Let me think some more about the backward pass.

The ggml_cpy is completely disconnected from KQ, but if we have all the nodes we can figure that there is a dependency there and add it automatically.

Why would we need to figure out the dependency? The operations will be executed in the order that they have been declared, so no need to find the dependency. I am thinking more that we will basically record the node order while constructing the graph, instead of trying to determine it by traversing the nodes post-construction.

@slaren
Copy link
Collaborator

slaren commented Oct 10, 2023

For parallel execution we need to know all the dependencies. To minimize backend switches when partial offloading we may need to reorder the evaluation order, but we can only do that if we know all the dependencies. I assume that we also need to know the dependencies to build the correct backwards pass, but I don't know enough about that.

We may also be able to find the best evaluation order to minimize memory usage during training if we know all the dependencies.

@ggerganov
Copy link
Owner Author

The order in which we invoke the ops (A) + the existing dependency information through ggml_tensor.src (B) is enough to achieve all goals. We currently do not store the order (A) and therefore we have cases where we cannot figure out the correct execution.

If we start recording the order, it will add extra constraints: an op x invoked before op y cannot be executed after y. Note that this not mean that x and y cannot be executed together.
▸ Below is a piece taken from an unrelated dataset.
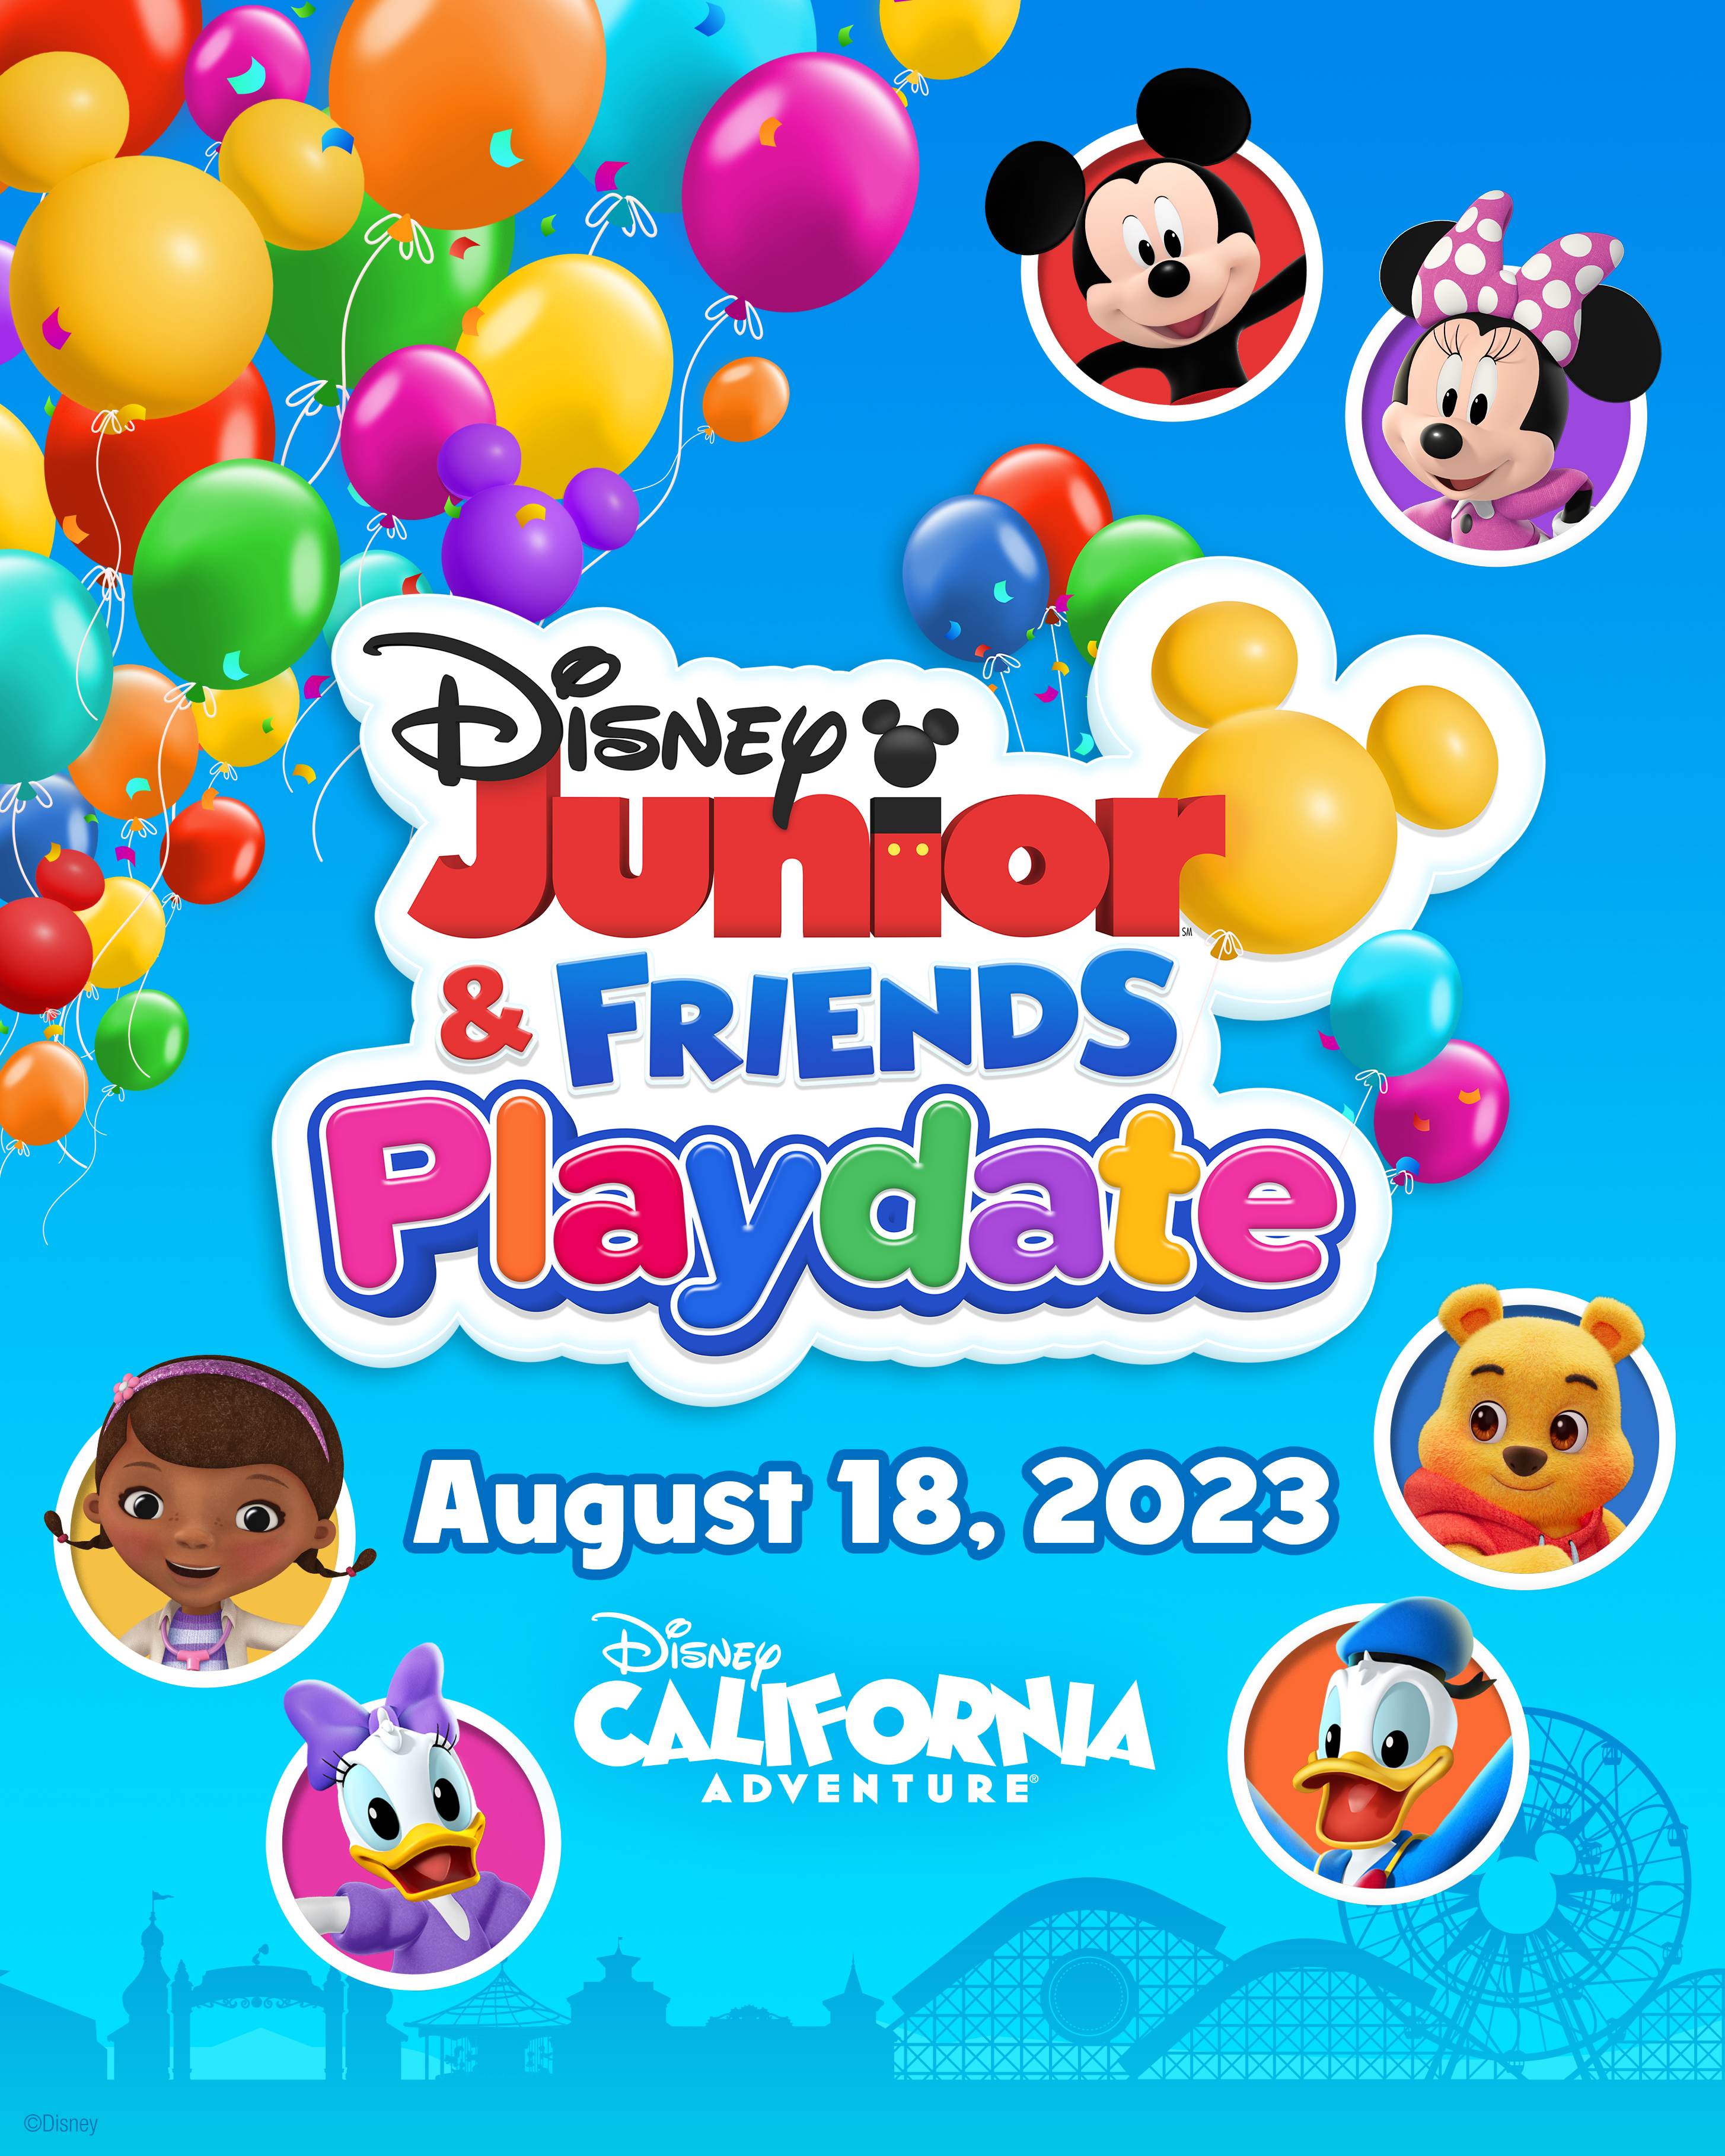 Disney Junior on X: Disney Junior & Friends Playdate is coming to

The KV cache update example would be trivially solved if we start recording (A) and apply the new constraints. The parallelisation can be achieved with an extra pass that analyses the graph and takes both (A) and (B) into an account. Same goes for the training use cases.

Having (A), we also avoid the ggml_visit_parents() traversal for trivial cases - when we don't care about parallelisation, reordering, etc. We just evaluate the ops directly as they have been invoked during the graph creation.

Let me know if you agree - is there any other use case that you think we might need to cover?

@slaren
Copy link
Collaborator

slaren commented Oct 11, 2023

an op x invoked before op y cannot be executed after y. Note that this not mean that x and y cannot be executed together.

I think this should be "an op x invoked before op y cannot be executed after y if x is a source of y (*)". Otherwise this is a contradiction.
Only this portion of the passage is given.